# Goal of the exercise
After removing every image, reproduce the data exactly as it appears.

# Data provided
__________

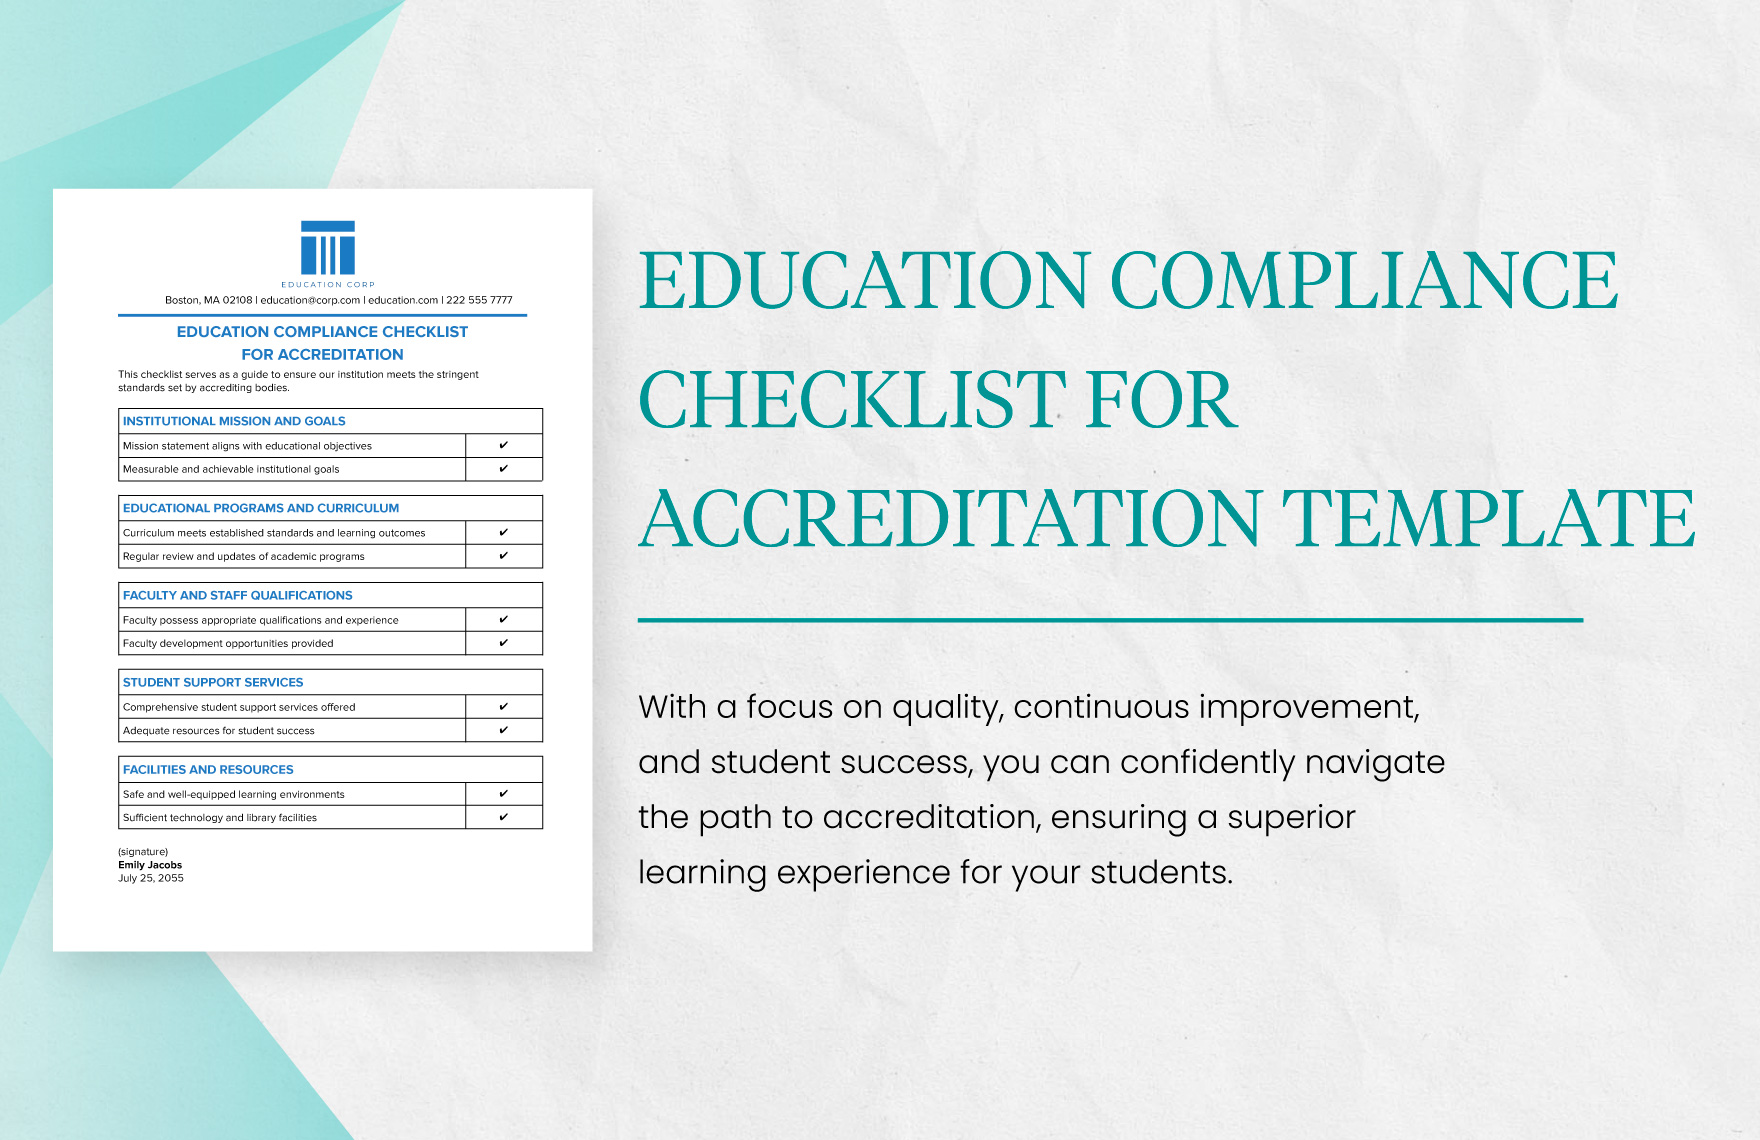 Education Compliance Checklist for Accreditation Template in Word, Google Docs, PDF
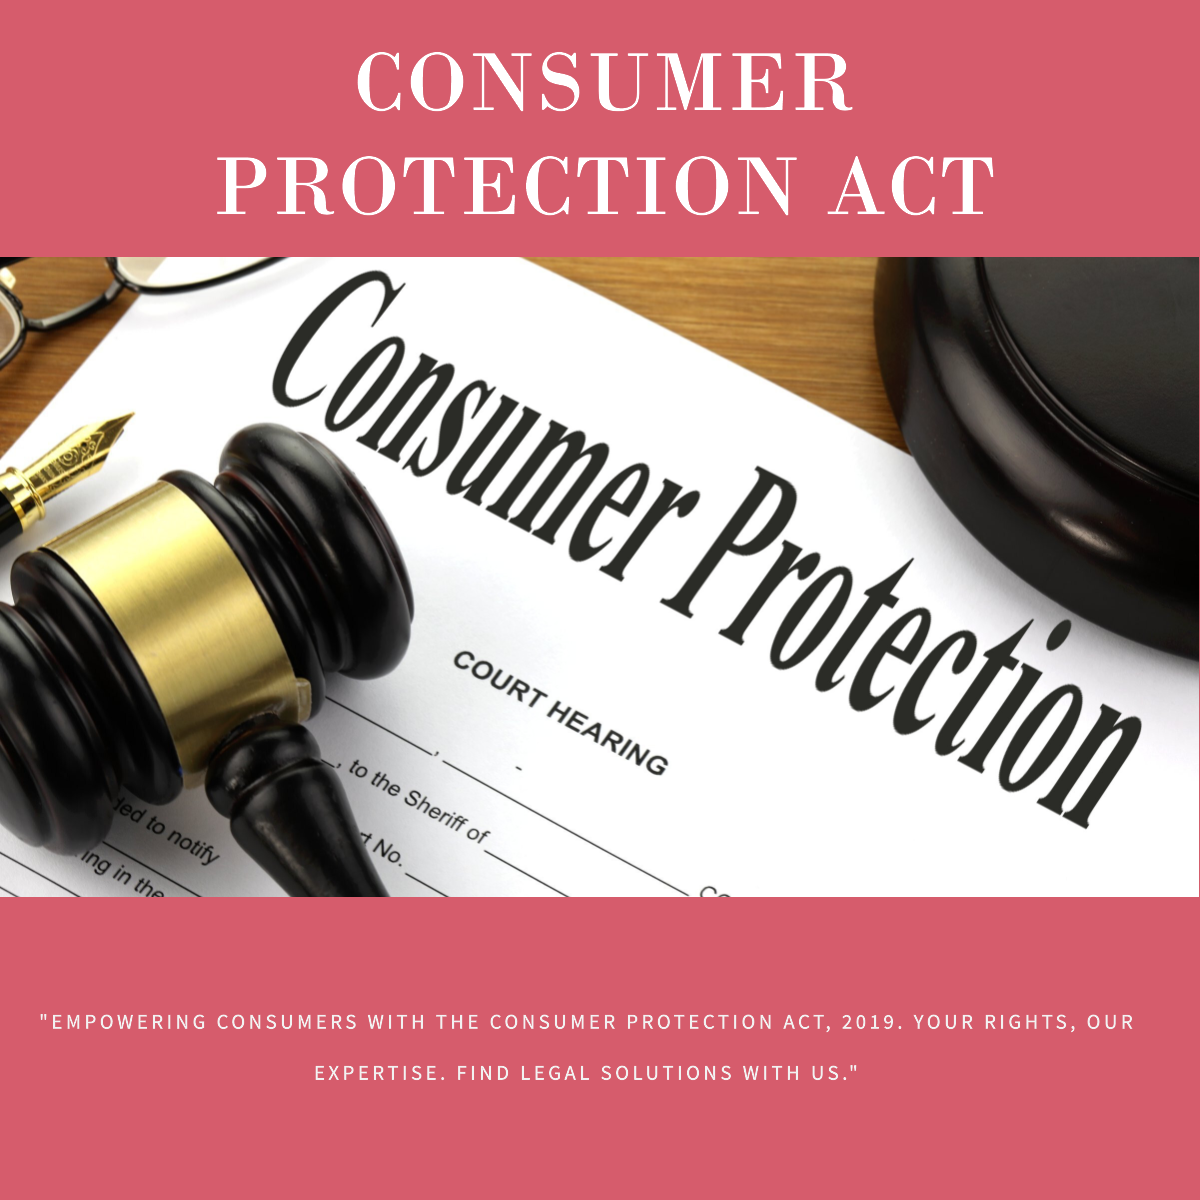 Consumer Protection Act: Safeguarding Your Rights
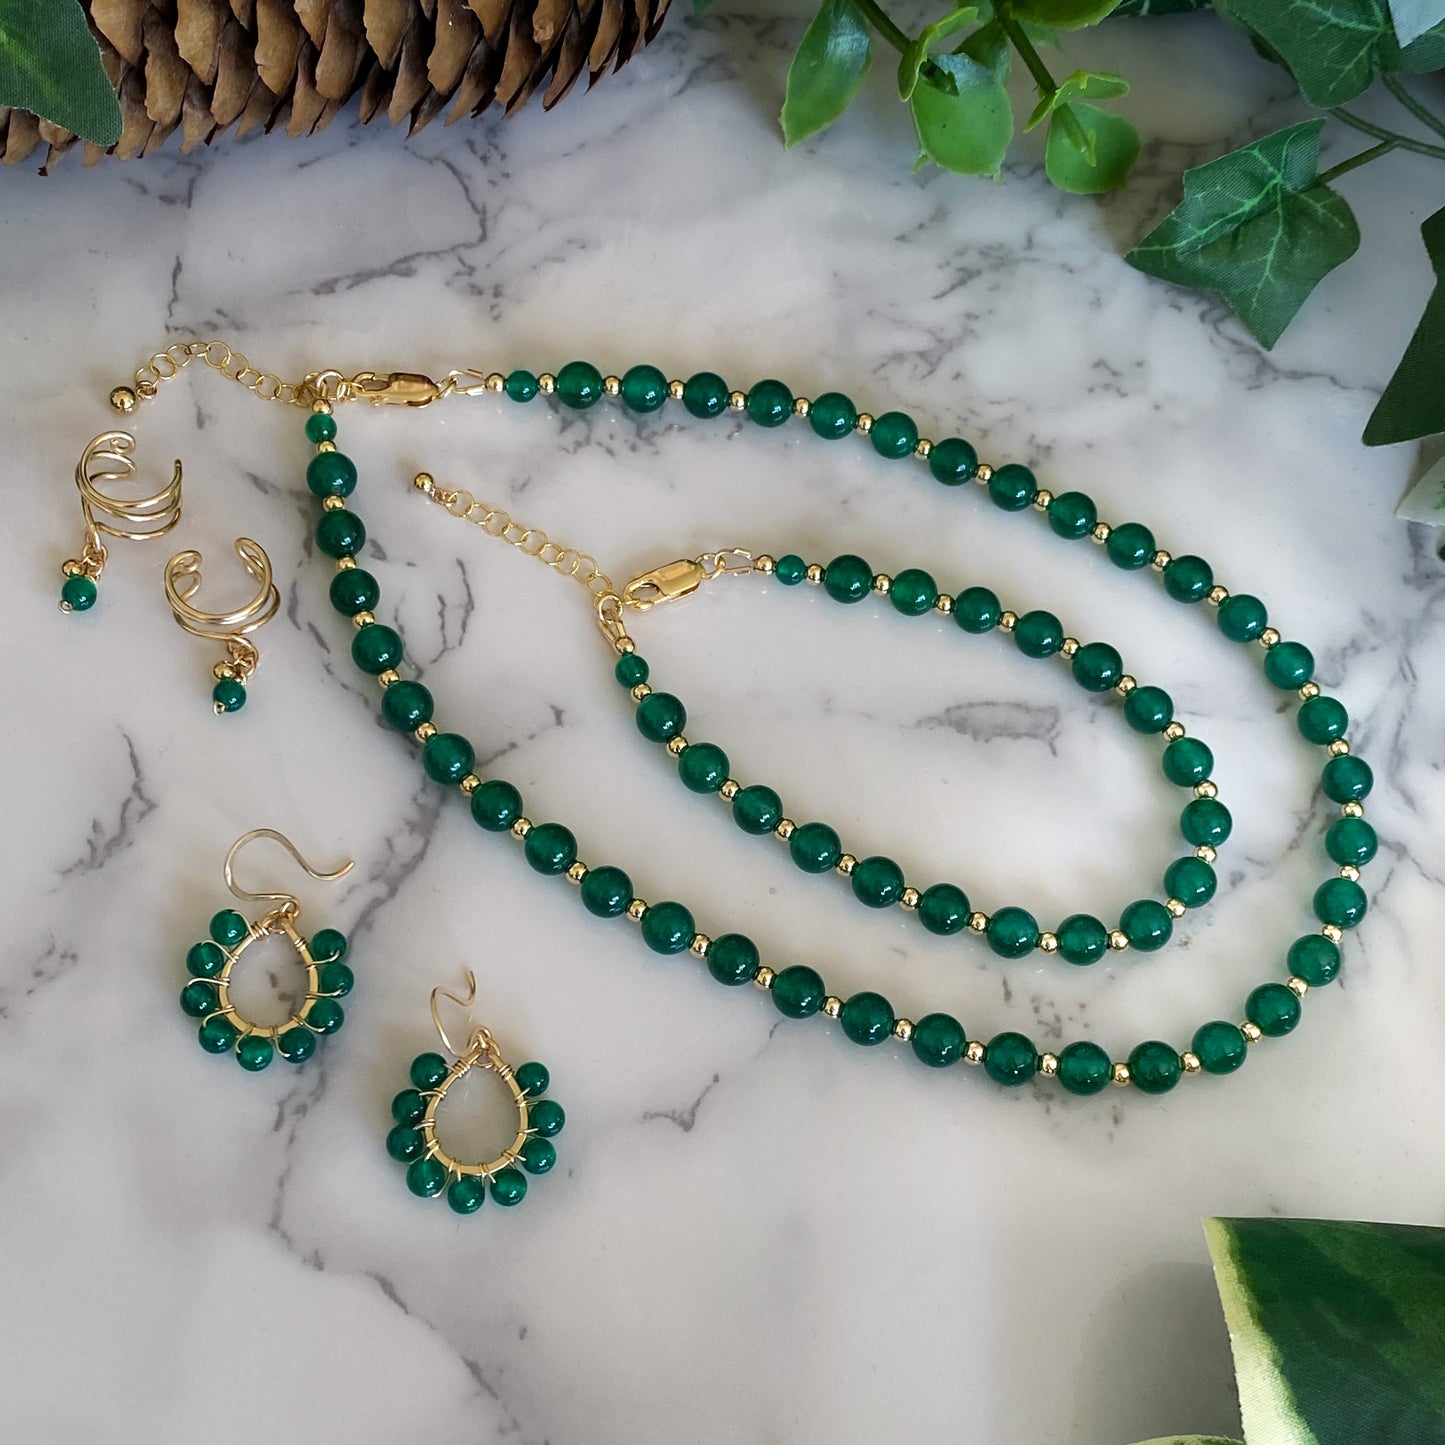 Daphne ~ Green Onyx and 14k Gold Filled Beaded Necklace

__________

# Completed task
 Education Compliance Checklist for Accreditation Template in Word, Google Docs, PDF
 Consumer Protection Act: Safeguarding Your Rights
 Daphne ~ Green Onyx and 14k Gold Filled Beaded Necklace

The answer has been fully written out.